# New member - feline leukemia and vision problems



## brendan1 (Feb 11, 2014)

Hi, I was recently given the news about one of my two cats being positive for feline leukemia. We went away for 3 days over Christmas and when we came back, we noticed some discharge from her left eye and some sneezing. 

She came from the SPCA and had upper respiratory infection which is the same scenario as the other cat in the house. We took her to the vet who looked her over and figured she was just having a flare-up so he gave her a weeks worth of antibiotics and recommended to go on lysiene which she is now on. 

Over the next 2 weeks, the discharge cleared right up and the sneezing lessened, but she stopped eating, dropped a considerable amount of weight and became very lethargic. I went back to the vet and they did some blood test where we found the FeLV+ diagnosis. The vet recommended euthanasia, but did also say that she may be OK for a few more days if I wanted to take her home which I did.
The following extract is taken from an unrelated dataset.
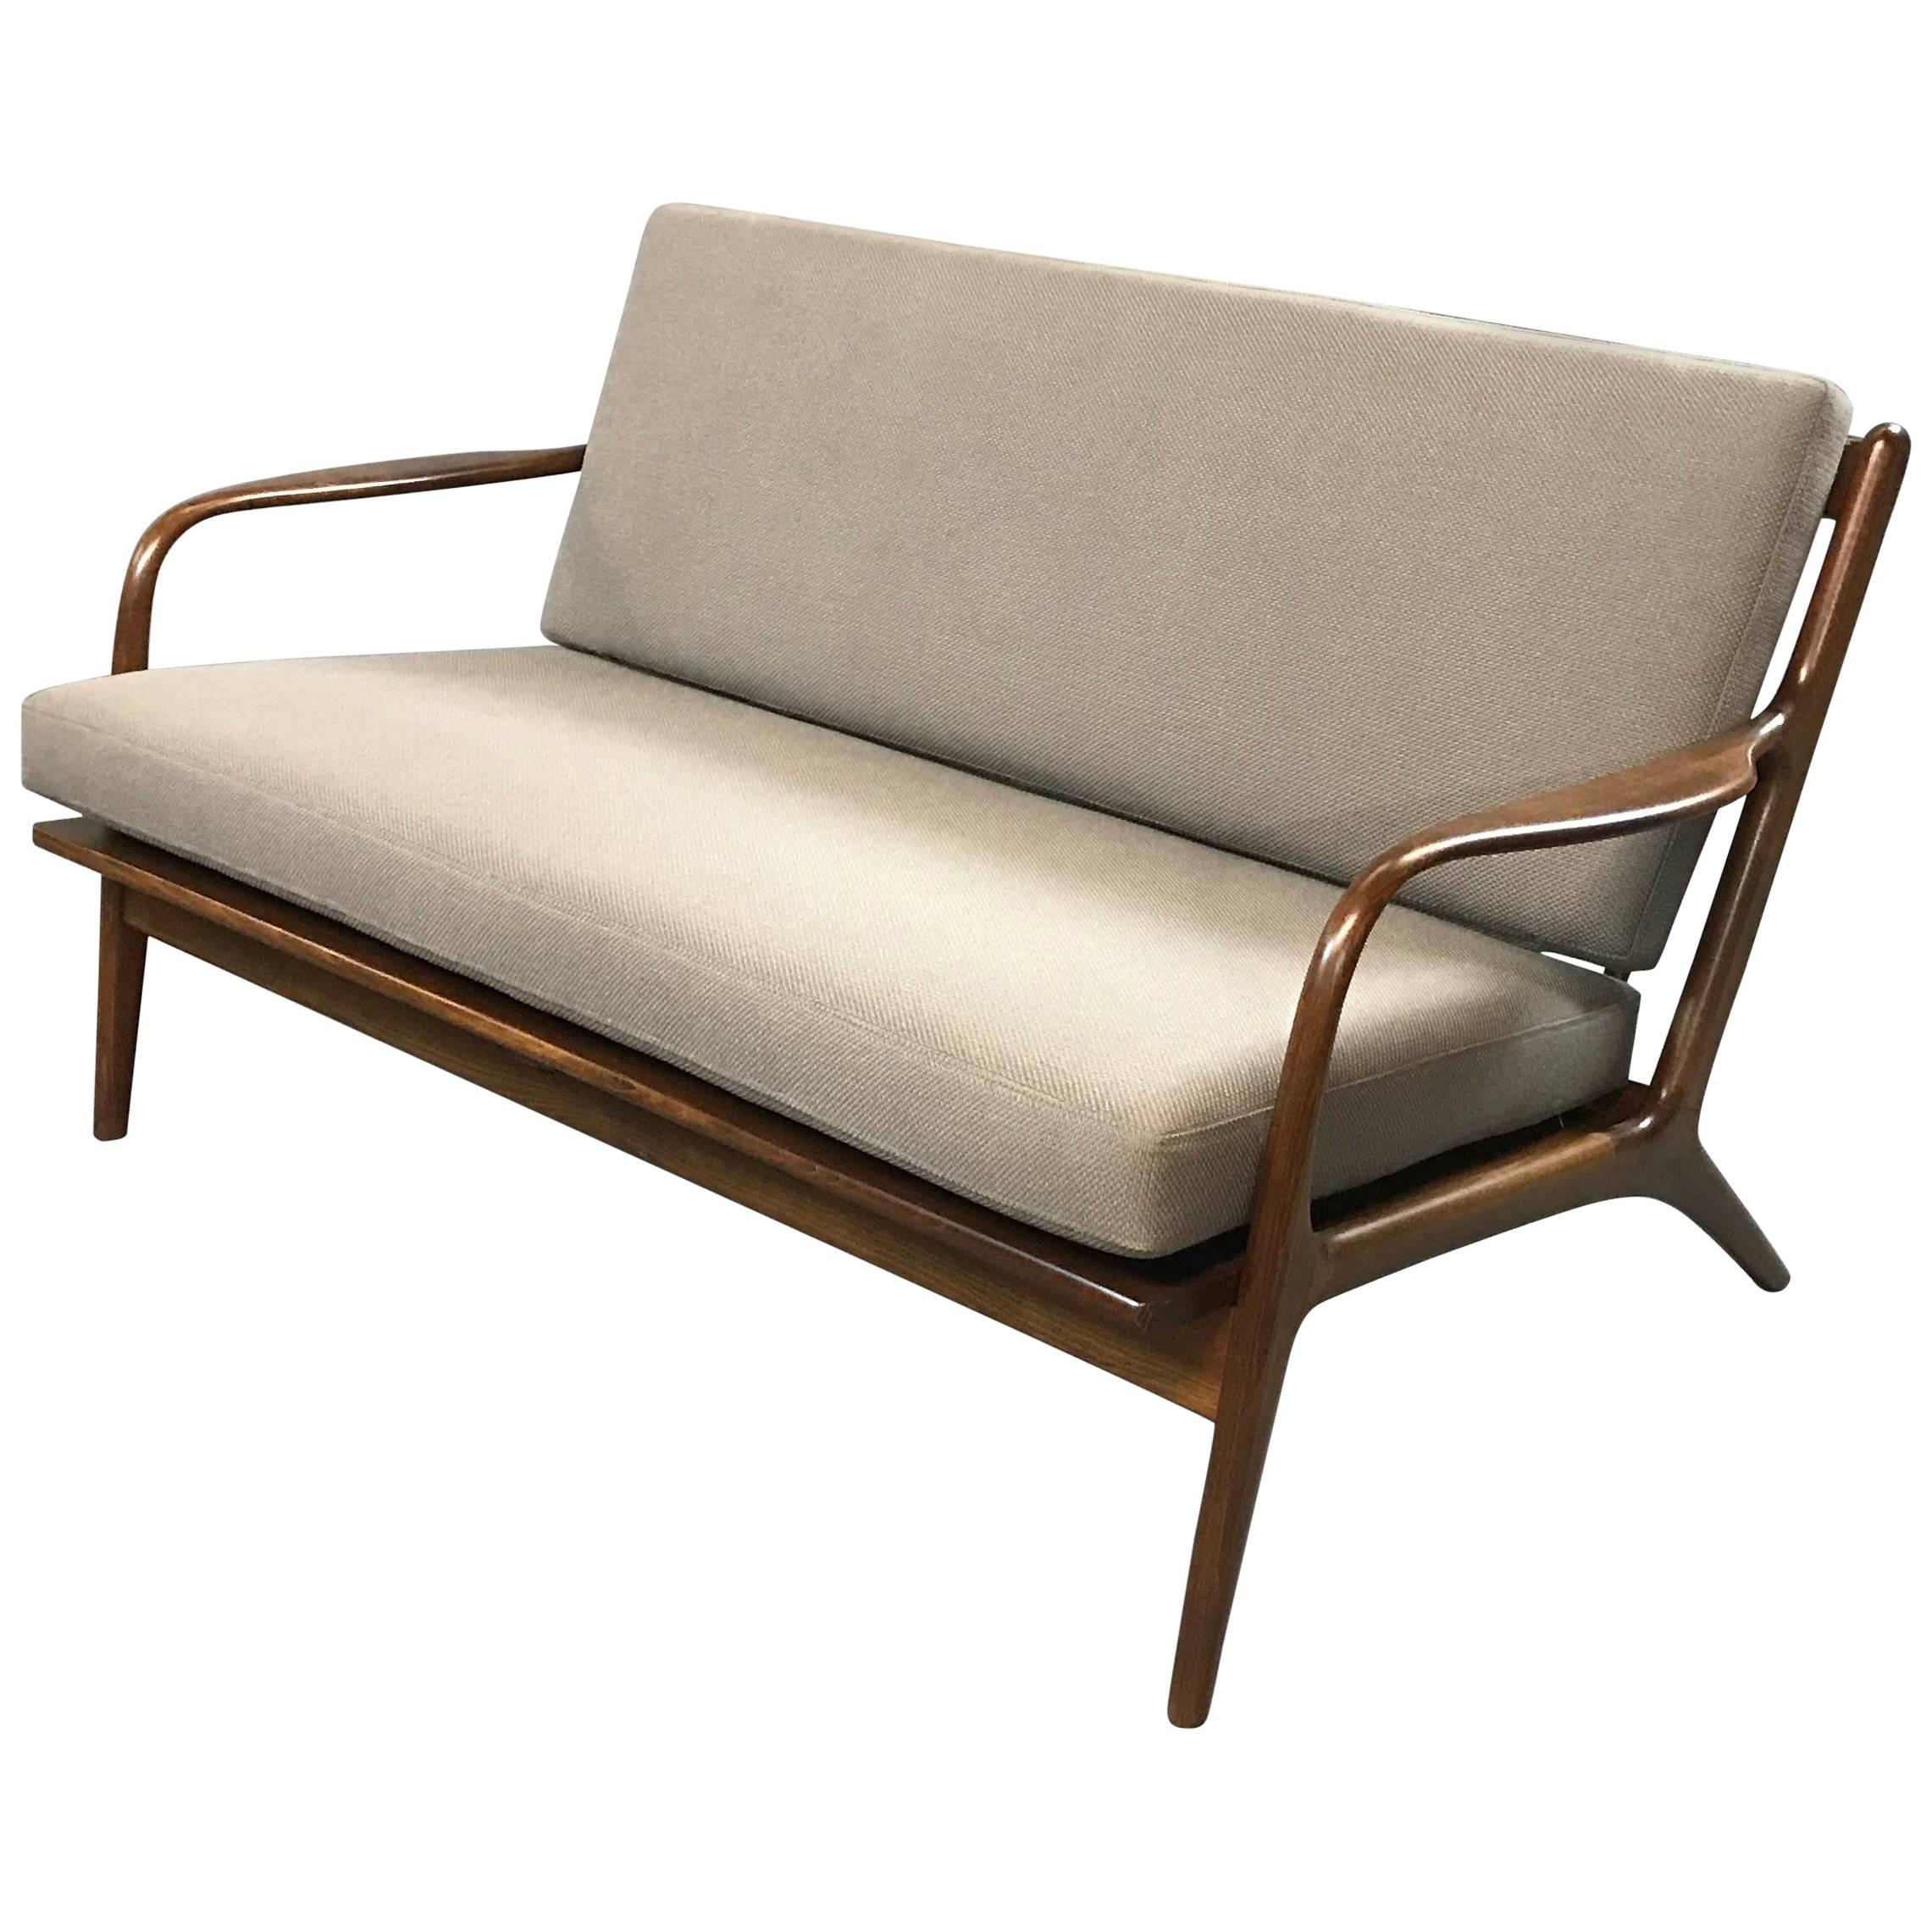 Mid-Century Modern Maple Sofa by Adrian Pearsall for Craft Associates

Since then she has gotten noticeably better - the sneezing is infrequent, congestion is still present but not major however, in the past 2-3 days, her pupils have dilated and she has obvious vision problems. She is not blind, but possibly in the process of losing her sight. Her pupils do shrink when a flashlight is on them, but slowly and her eyes look cloudy and it appears as if there are tiny bubbles just under the surface. I had given her 3-4 doses of colloidal silver over a 3 day period which I read about through various internet postings. I wonder how much of a role this played in her overall health improvement and/or vision loss. 

I am happy that she appears to have some life left in her (she is only just over 3 years old), but am sad about her vision loss. Has anyone else experience blindness in their cat as a complication of feline leukemia? My other cat shows no symptoms and I have not had him tested, but I would be surprised if he doesn't have it since they have shared the same litter box and water bowl for the past 2 years. 

The one that has tested positive had 3 kittens that I was fostering before returning the kittens and adopting the mother so she was likely an outdoor cat early in her life. 

Thanks for any guidance.


----------



## cms (Sep 19, 2013)

Hi, this isn't very helpful since I don't have any experience, but I just wanted to say how sorry I am for you and your cat to be dealing with this situation. I have read that blindness is among the many issues FeLV+ cats can have, whether directly from the FeLV or from infections due to their compromised immune system, and that you can have your vet check on her vision to be sure it's not something unrelated that can be treated/helped. It's wonderful that you've been able to give her such great care and improve her health! My thoughts are with you both during this trying time.


----------



## emilyatl (Sep 9, 2013)

I'm so sorry you're going through this! Unfortunately, if your other kitty has not been vaccinated, I would be very surprised if he is not positive. FeLV is extremely contagious, and is transmitted a number of ways (saliva, nasal secretions, blood, urine, feces, etc.). If they share the same food dish, litter box, and have casual contact, then he most likely will also be positive if he hasn't been vaccinated (vaccination is really the only way to protect against it).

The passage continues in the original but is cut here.